I am proud that Henry is taking charge and helping around the house. I should have thought of that much sooner. And since this week Sid and his buddies are learning about recycling, I thought we should put Henry’s new skills to work and get Leo involved too.
Our local recycling program does not require that we sort our recycling. They must have a magical machine that takes care of that. However, the container of recycling in the kitchen gets quite full and it is hard to the boys to carry to the big bin out side. So, I devised a sorting system to help them learn about what kinds of materials we recycle while also making the load a little easier for them.
Recycle1.jpg
At first we started out slow, when I realized that the boys weren’t sure about the differences between metal, glass, paper, and plastic. Although they understand the big picture about recycling and can tell me why it is important, the boys were unable to describe the details. I needed to explain that cardboard is paper and tuna cans are metal.
So, we went back to basics. I asked Leo what “sorting” meant and he answered right away “when you put things that are the same all together.” Good boy! Then they took turns sorting each recyclable.
Recycle2.jpg
As they sorted, I talked about where the recyclables would go and how the boxes, cans, paper, and glass would become new things. Henry thought it was quite literal and wanted to know if the milk bottle would become a new milk bottle. I had never thought about it that way, and I was challenged to come up with a list of new items that the materials would be turned into. I really don’t know very much about what happens to our recycling. Thank goodness Leo has a fieldtrip planned to visit the local recycling center. I will be sure to blog about it that week!
I also explained that materials like plastic wouldn’t decompose if we leave them on the earth, so it was a good idea to make them into different things. Both boys immediately asked if we could bury a plastic container in the ground to see what would happen over time. I said no, but maybe I should let them do it, so they can see that the plastic will be in the ground for a long time.

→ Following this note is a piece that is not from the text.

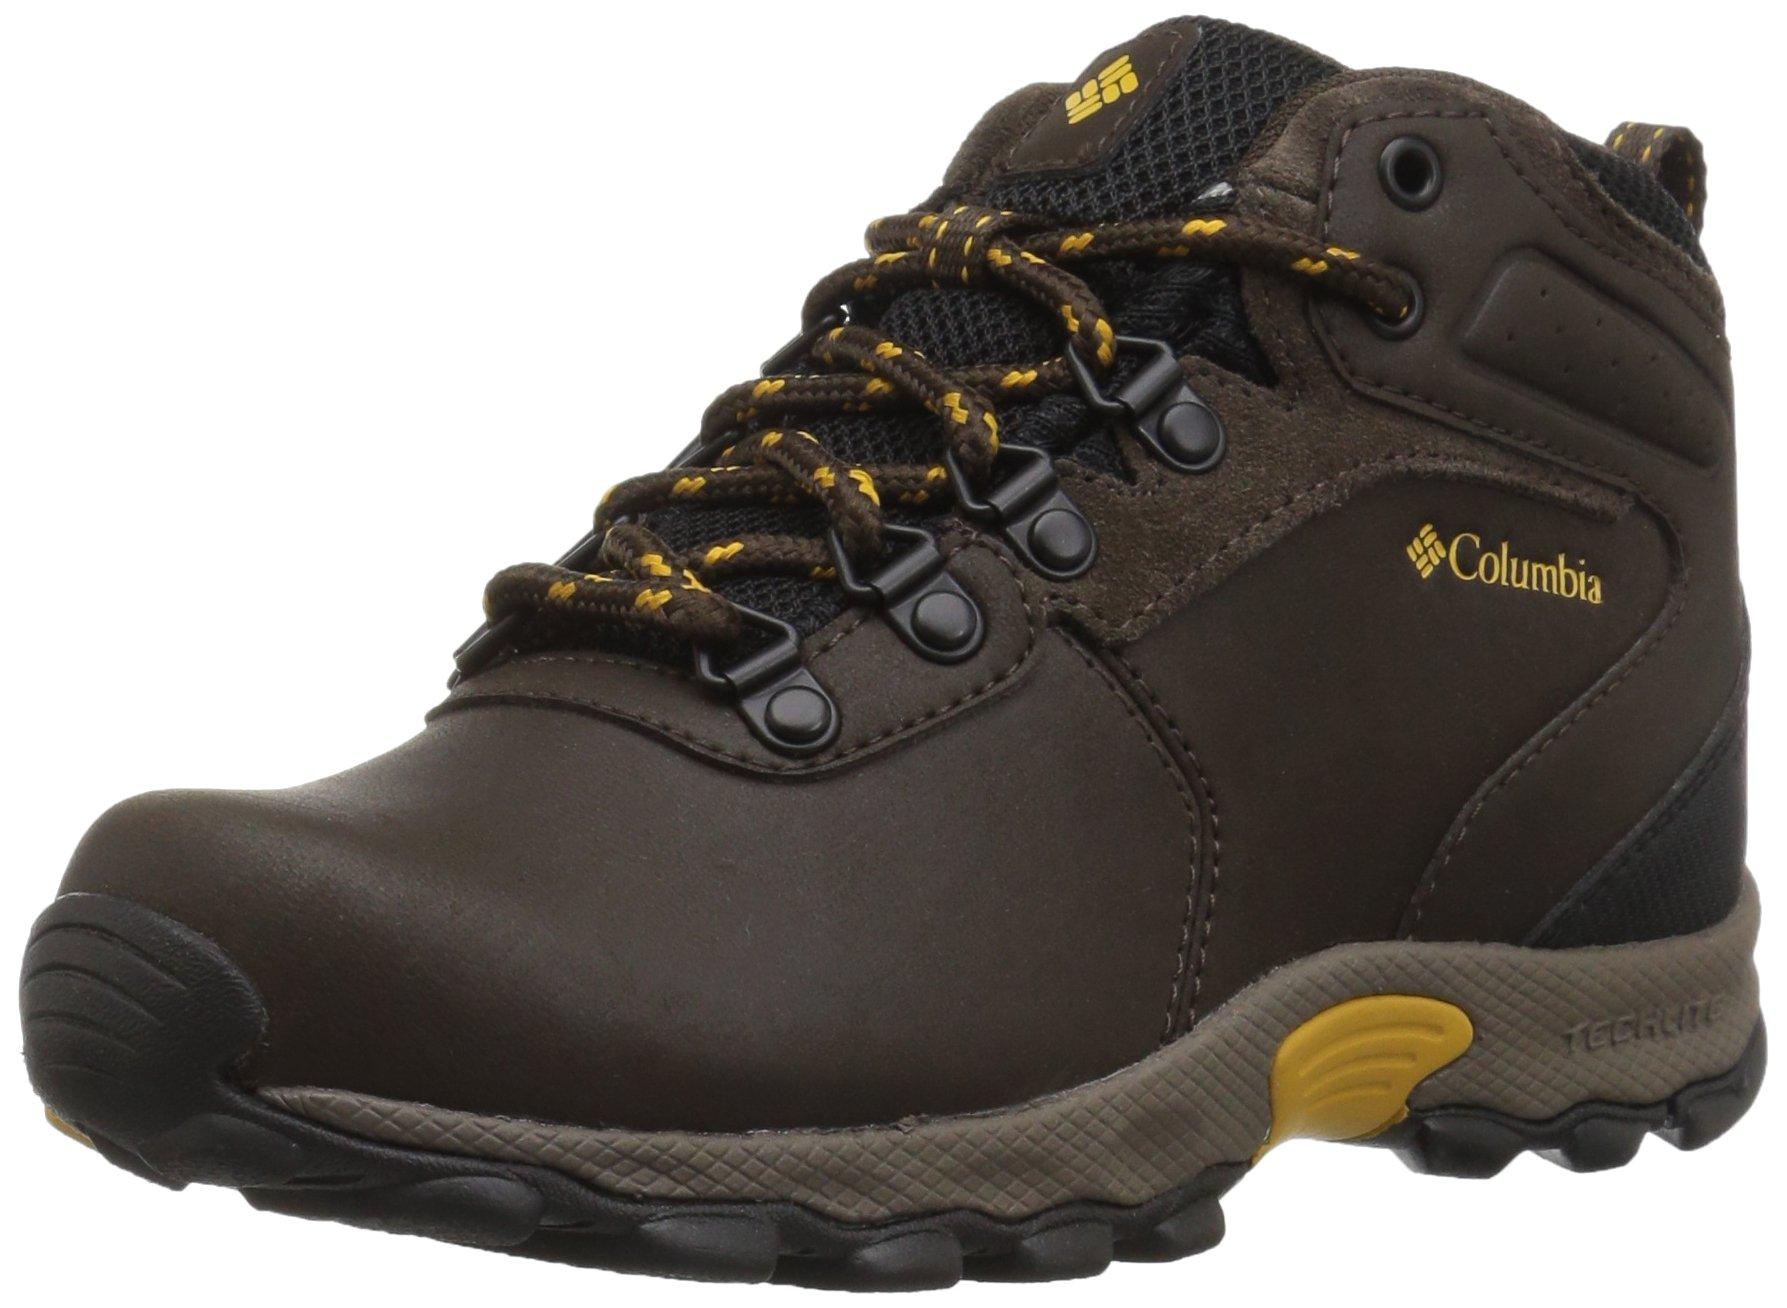 Columbia Boys' Youth Newton Ridge Hiking Shoe, Cordovan, Golden Yellow, 7 Wide US Big Kid

When they were finished sorting, I had them reorder the bags from least to most full. It was interesting to see what we were consuming. Lots of paper and lots of plastic.
Recycle3.jpg
One funny but sad moment came when I explained how paper was made. I explained up how trees are mashed up into pulp and then dried in sheets to make paper. Henry was truly horrified. He said he didn’t want to use paper anymore. I am pleased and proud to say that when I explained that if we recycled more paper then perhaps we would need to use fewer trees, Henry was placated and also interested. It was a really a tangible example of recycling for him since he has a favorite climbing tree in our yard.
I talk to the boys a lot about recycling, and I realize that I may not be doing a great job of making the concept accessible to their world. I am glad that Sid the Science Kid is around to remind me that preschoolers need to get their hands on science with real-world objects from their own lives.
How do you teach your kids about recycling? Do YOU know what happens to your paper and plastic once you send it off in the truck?